Status gizi buruk dan kurus tentunya dapat terjadi karena berbagai macam faktor. Status gizi buruk dan kurus dapat disebabkan karena (1) faktor pendapatan orang tua yang kurang dari UMR, faktor ini dapat menyebabkan terjadinya kondisi dimana orang tua tidak mampu memberikan makanan dan minuman yang sehat dan bergizi untuk tumbuh kembang anaknya; (2) faktor tingkat pendidikan orang tua, tingkat pendidikan dapat mempengaruhi sejauh mana dia mengetahui pentingnya pemenuhan nutrisi yang baik kepada anak; dan (3) kekurangan satu atau lebih zat gizi di dalam tubuh anak (Jahri, 2018).
Gizi buruk dan kurang akan berakibat pada menurunnya imunitas atau kekebalan tubuh sehingga lebih mudah terserang penyakit khususnya penyakit yang dapat menginfeksi manusia seperti penyakit infeksi kecacingan, mengganggu proses pertumbuhan dan perkembangan, kekurangan energi yang berakibat pada
381
penurunan produktivitas, dan anak akan lebih sulit dalam menerima pembelajaran karena menurunnya daya konsentrasi serta kecerdasan (Wulan, 2015).
Status gizi lebih dan obesitas dalam penelitian ini didapatkan hasil 21 orang atau 8% berstatus gizi lebih dan 16 orang atau 6,1% berstatus obesitas.
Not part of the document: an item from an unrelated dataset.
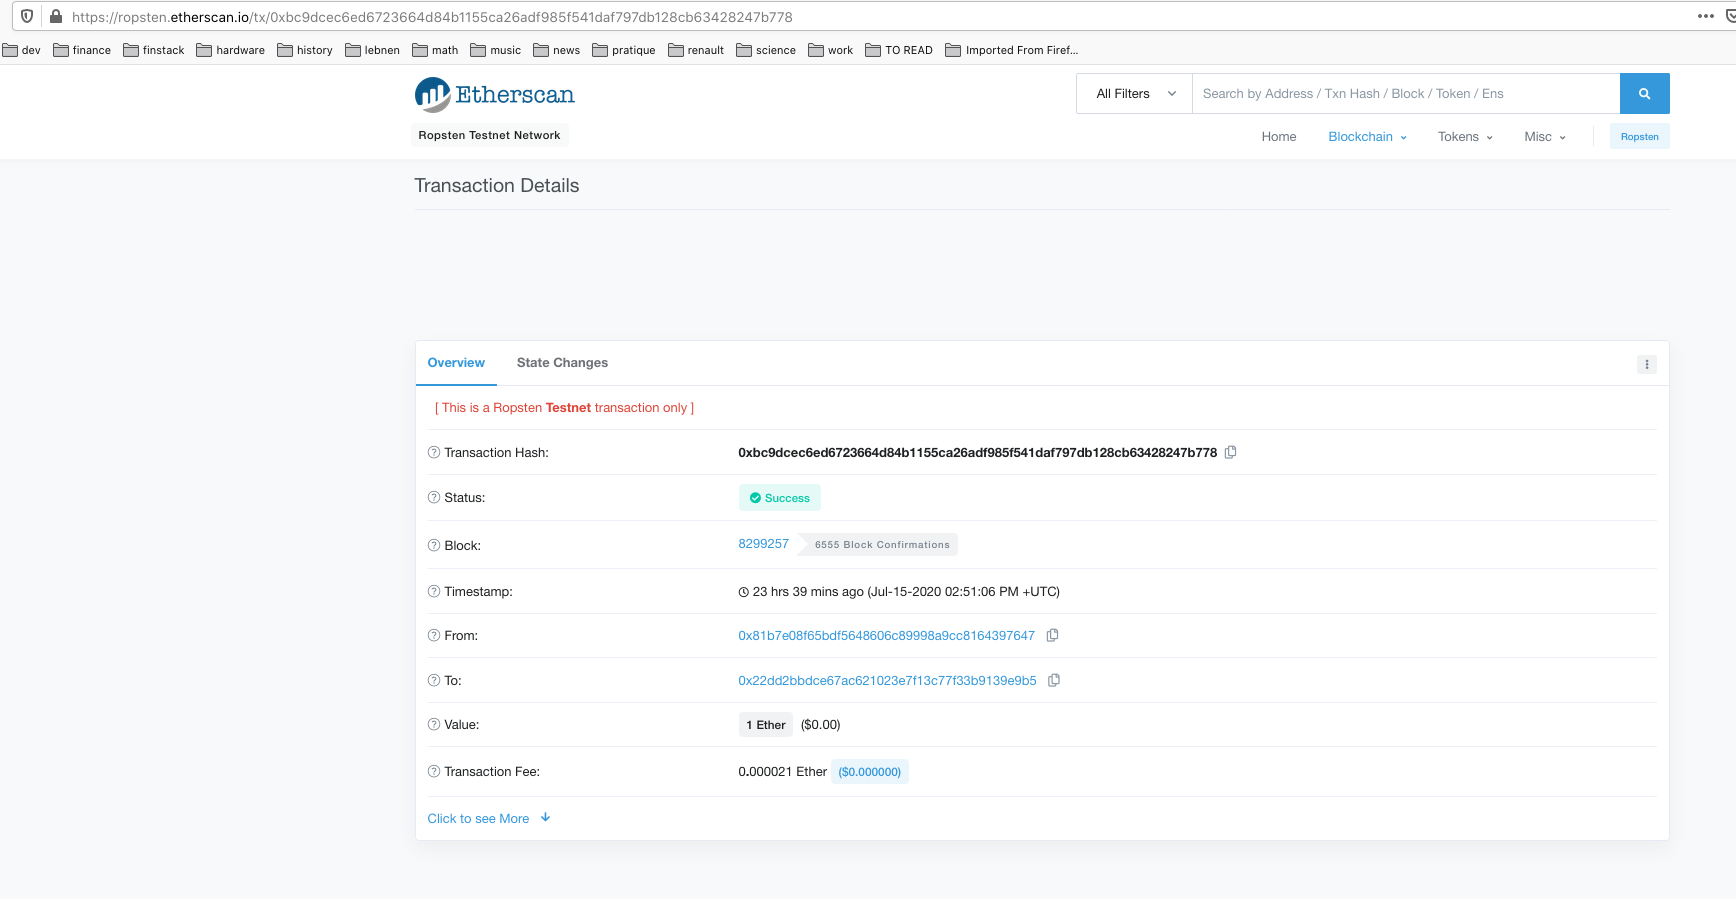 Account Balance Verification in Etherscan

Gizi lebih dan obesitas umumnya disebabkan karena kelebihan jumlah asupan energi
dibandingan dengan jumlah yang seharusnya dibutuhkan oleh tubuh
sehingga kelebihan tersebut disimpan
dalam bentuk cadangan berupa lemak (Jahri, 2018). Kegemukan dapat
menyebabkan dampak penyakit
degeneratif seperti penyakit kardiovaskular, diabetes melitus, jantung koroner, gangguan ginjal, hipertensi, dan masih banyak lagi (Alamsyah, 2013).
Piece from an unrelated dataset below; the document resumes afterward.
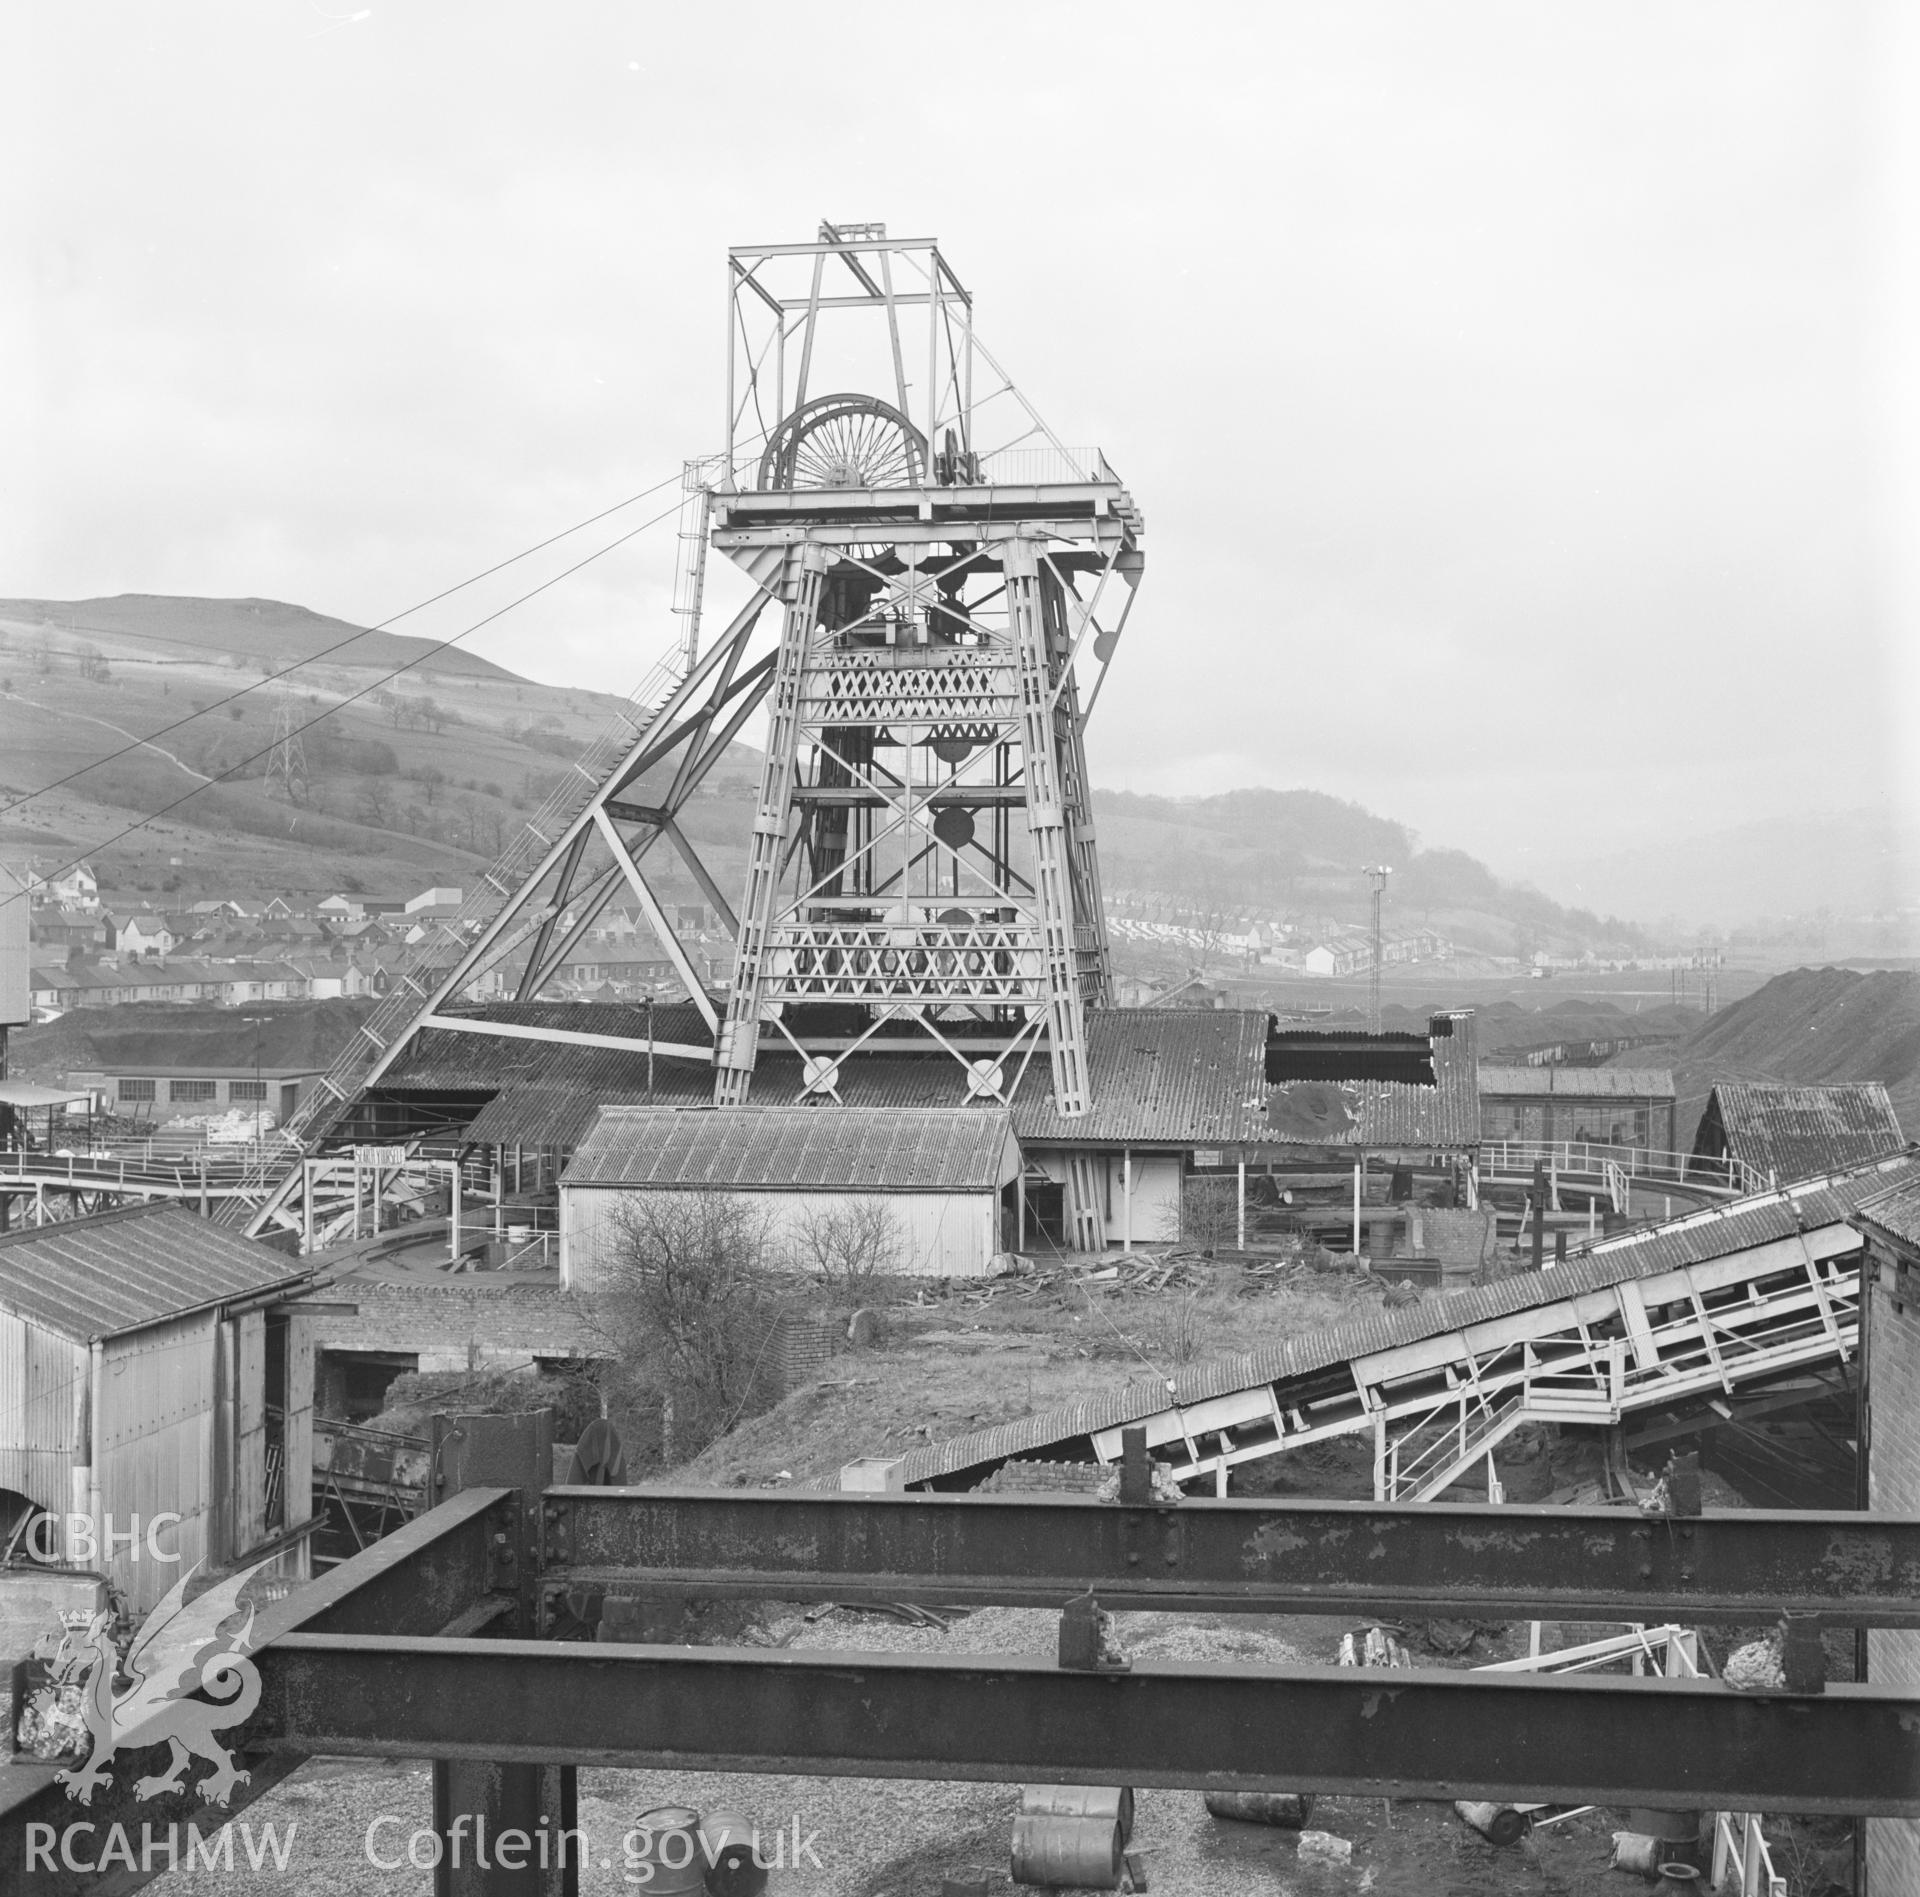 Digital copy of an acetate negative showing downcast shaft at Taff Colliery, from the John Cornwell Collection.

Dari hasil pemeriksaan sampel feses sejumlah 262 sampel diperoleh hasil bahwa terdapat 4 responden (1,5%) mengalami positif kecacingan dan 258 responden (98,5%) negatif kecacingan. Responden yang mengalami positif kecacingan terinfeksi cacing dari beberapa jenis cacing meliputi Ascaris lumbricoides (cacing gelang), Trichuris trichiura (cacing cambuk), dan Enterobius Vermicularis (cacing kremi). Cacing yang paling banyak menginfeksi dalam penelitian ini yaitu dari jenis Trichuris trichiura (cacing cambuk). Hal
tersebut sejalan dengan penelitian terdahulu yang menyatakan bahwa pada usia anak-anak, jenis cacing yang paling sering menginfeksi salah satunya dari jenis Trichuris trichiura (cacing cambuk) (Tapiheru & Zain, 2021; Olin et al., 2019; Andini & Utomo, 2018).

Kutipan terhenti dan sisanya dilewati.